While it is a mistake to assume that all human behavior is driven
by random emotions (or that emotions are at all random), it is likewise
incorrect to believe that behavior is driven entirely by logic. It is a collaboration between reason and
emotion that drives actual behavior, but in that regard reason has been given
too much credit and emotion too little – and this is the reason that many plans
for marketing and customer loyalty do not work out in reality.
It’s generally recognized that the emotions lead reason, or
at least occur before it. To assess
something we must notice it, and feel that it is important enough to spend time
thinking about. This is why
advertising often communicates so little information about the product and its
benefit – it is meant to create awareness and curiosity in a prospect, though
it very often fails when it provides nothing to feed the curiosity it has
created.
It’s also generally recognized that the emotions are what
drives a person to select a specific brand.
While reason is employed to determine whether there is any benefit to
purchasing a good or service, the goods and services in the present market are
so commoditized that there is no reason to favor one brand over another. The differences are usually quite negligible.
And it also seems to be generally believed that an
individual’s loyalty to a brand is based on reason: that they evaluate their
experience of using a product, determine whether their functional need was
served, and if this equation returns an affirmative result, the individual
repurchases that band rather than undertaking a fresh evaluation of his field
of options.
But this last belief is subject to some argument: whether
repurchasing out of convenience (or mental laziness) qualifies as loyalty –
particularly when customers who report being completely satisfied by a given
brand often try others and sometimes switch to a different one. The “rational man” camp struggles to support
its argument, and my sense is that loyalty has less to do with the rational
evaluation of a product experience and more to do with the emotional aftershock
of the entire experience of the brand.
If we accept that reason selects the product and emotion
selects the brand, then the kind of satisfaction that arises from the cold,
analytical assessment of whether the good or service satisfied the functional
requirements supports a sense of satisfaction with the product – and not with
the brand.

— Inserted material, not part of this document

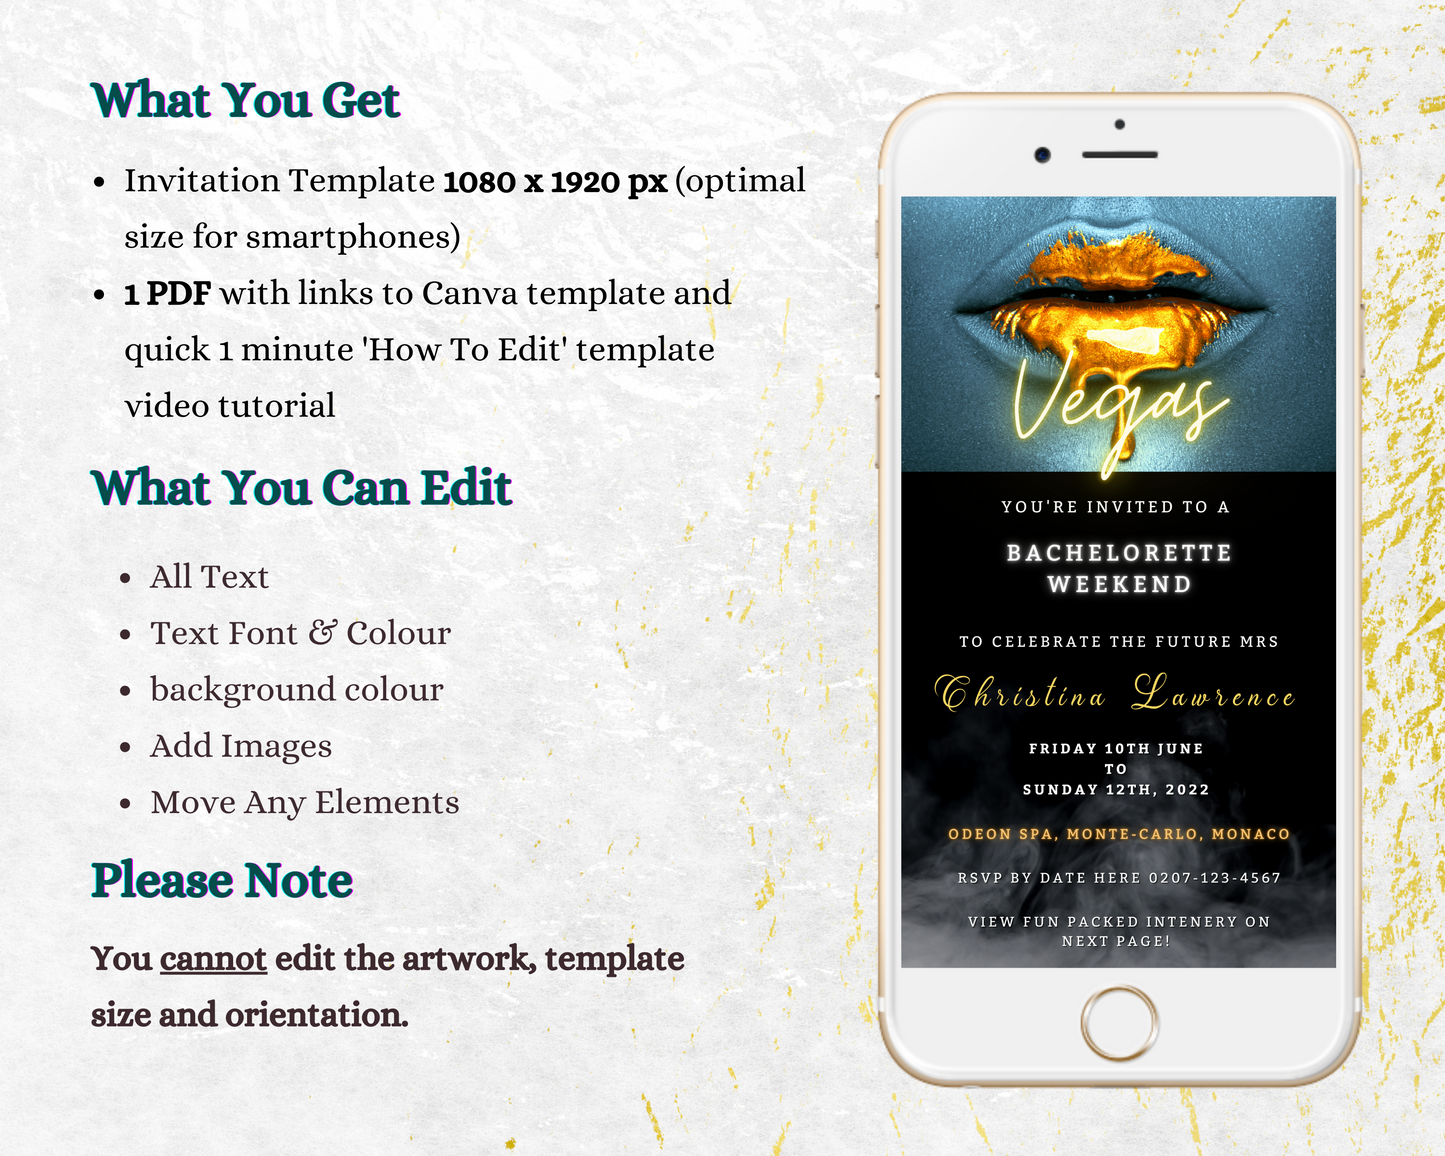 Customizable digital invitation with image of gold-painted lips, designed for Bachelorette Weekend. Editable in Canva, suitable for smartphones. Download and personalize easily.
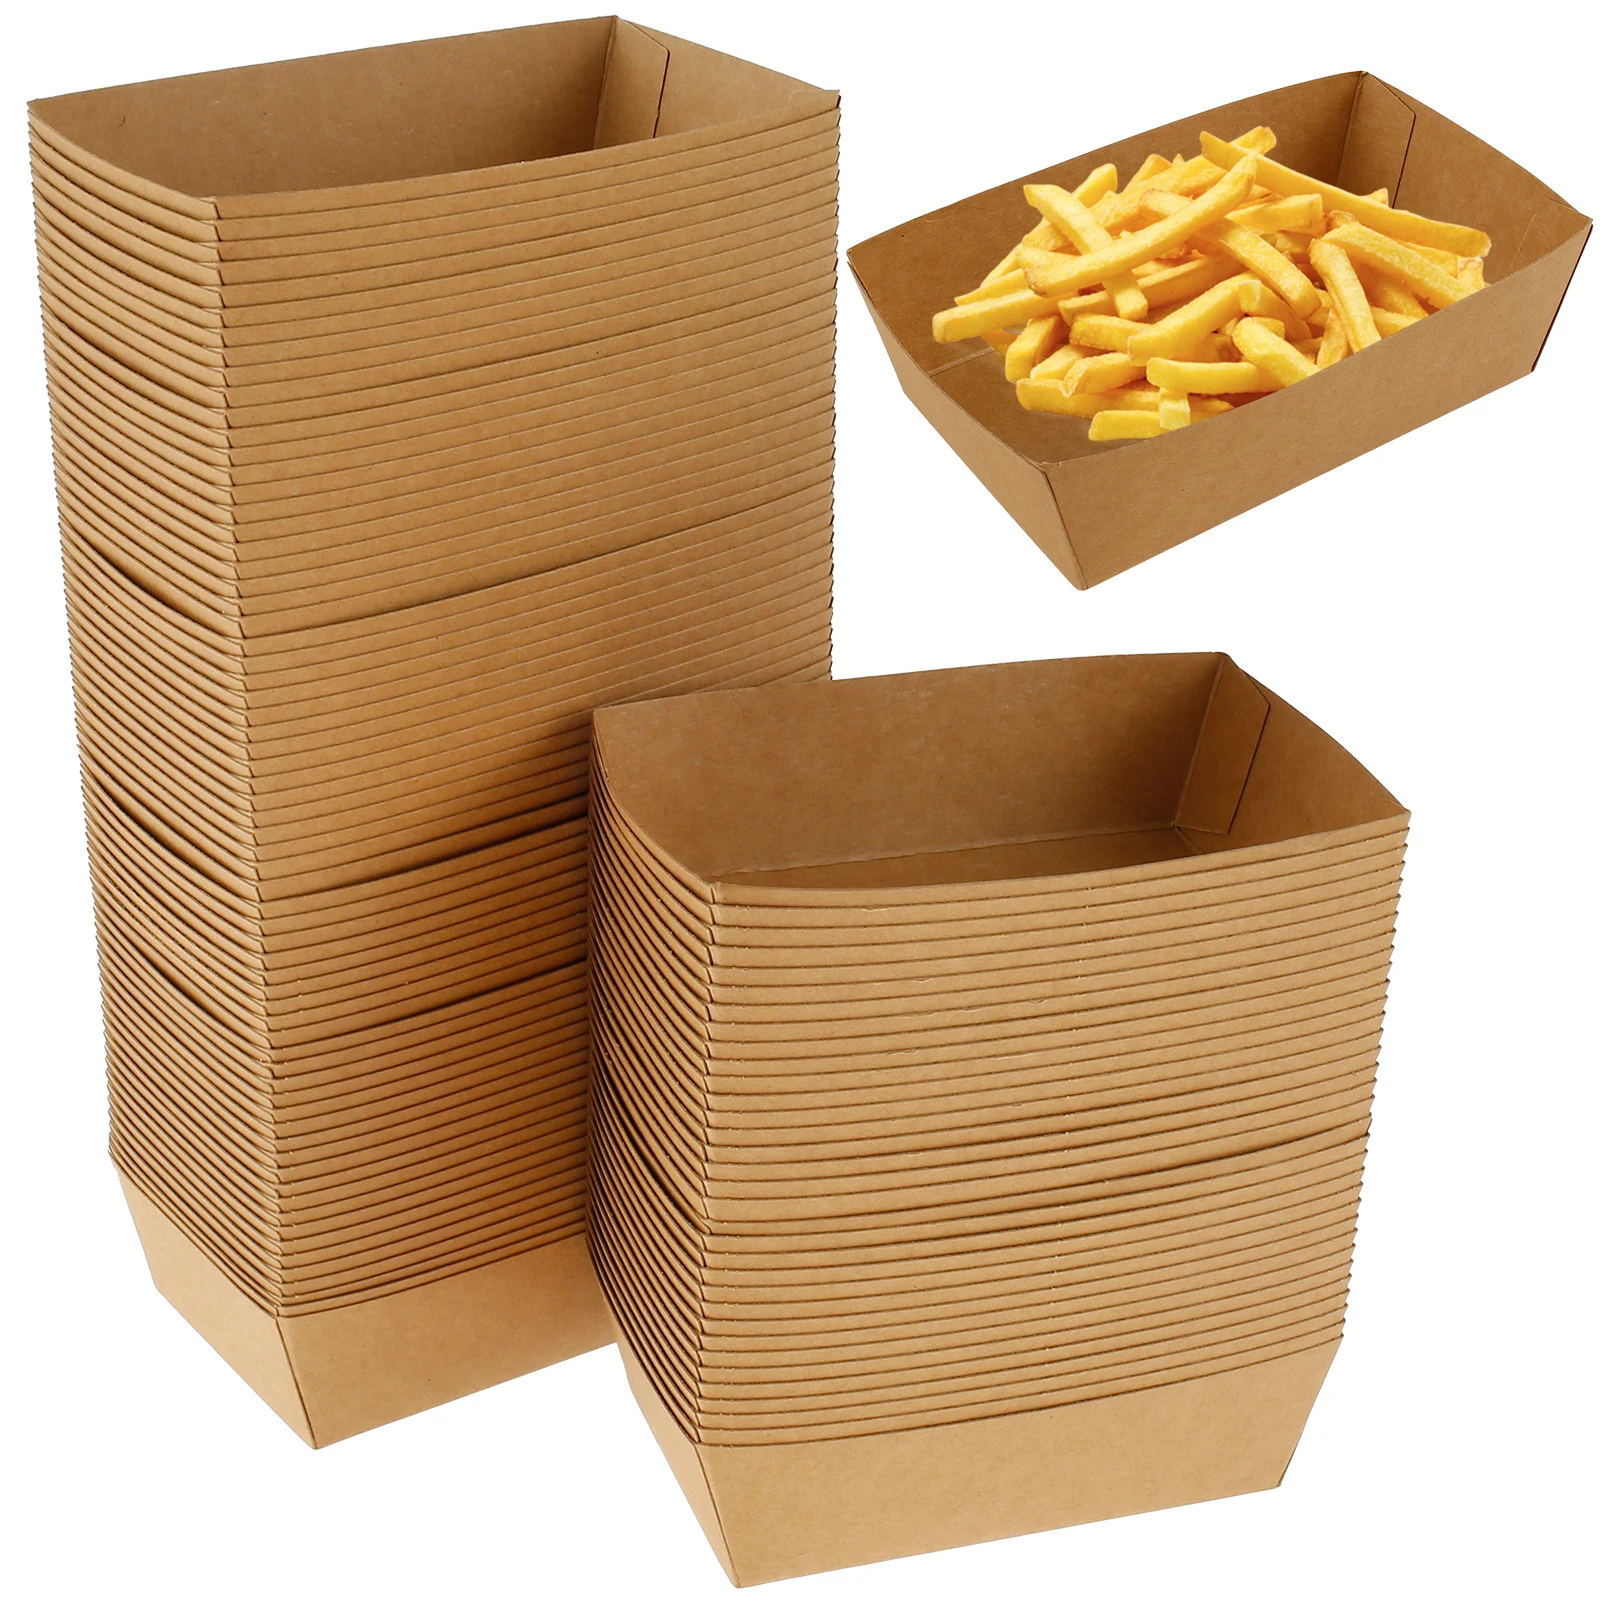 

100Pcs Brown Paper Food Boxes Oil Proof Paper Food Boat Recyclable Paper Food Tray Boat Shape Take Out Food Trays Paper Food Box

So any sense of loyalty to a
given brand arises from the emotions that arise. It seems sensible that if a product fulfilled
the functional need, the consumer “feels happy” about the purchase and that
some of this emotional halo will extend to the brand, but not a sufficient
amount to create loyalty.
And to take it a step further, emotions are more important
than reason in the long run. The facts
about the product, the evaluation of how it serves a need, and all of the
rational thinking about the product ends very quickly after the product
experience has ended, but the emotional aftershock, which is by its nature more
vague and general, lasts for quite a long time after the rational thinking has
ceased.
This is the reasons customers can very quickly respond to
the question of how they feel about a brand, but much more slowly to what they
think about the brand. They can
instantly say that they were happy with the experience, but it takes quite some
time and reflection for them to recall the specific reasons that led them to
purchase it and those that cause them to think that the product was suitable to
a given purpose.
This is not to switch to the opposite extreme and declare
reason to be of no use and encourage marketers to embrace emotion to the
ignorance of anything else. My sense is
that reason is fundamental and that a product must stand a rational analysis –
it must have satisfied the need for which it was purchased, or the emotions
about the experience will be negative as well.
And I don’t suppose it’s possible to have good emotions about a
functionally unsatisfactory experience.
But neither does a functionally satisfactory experience guarantee
loyalty. The emotional layer must be
considered, though its rational underpinnings cannot be ignored.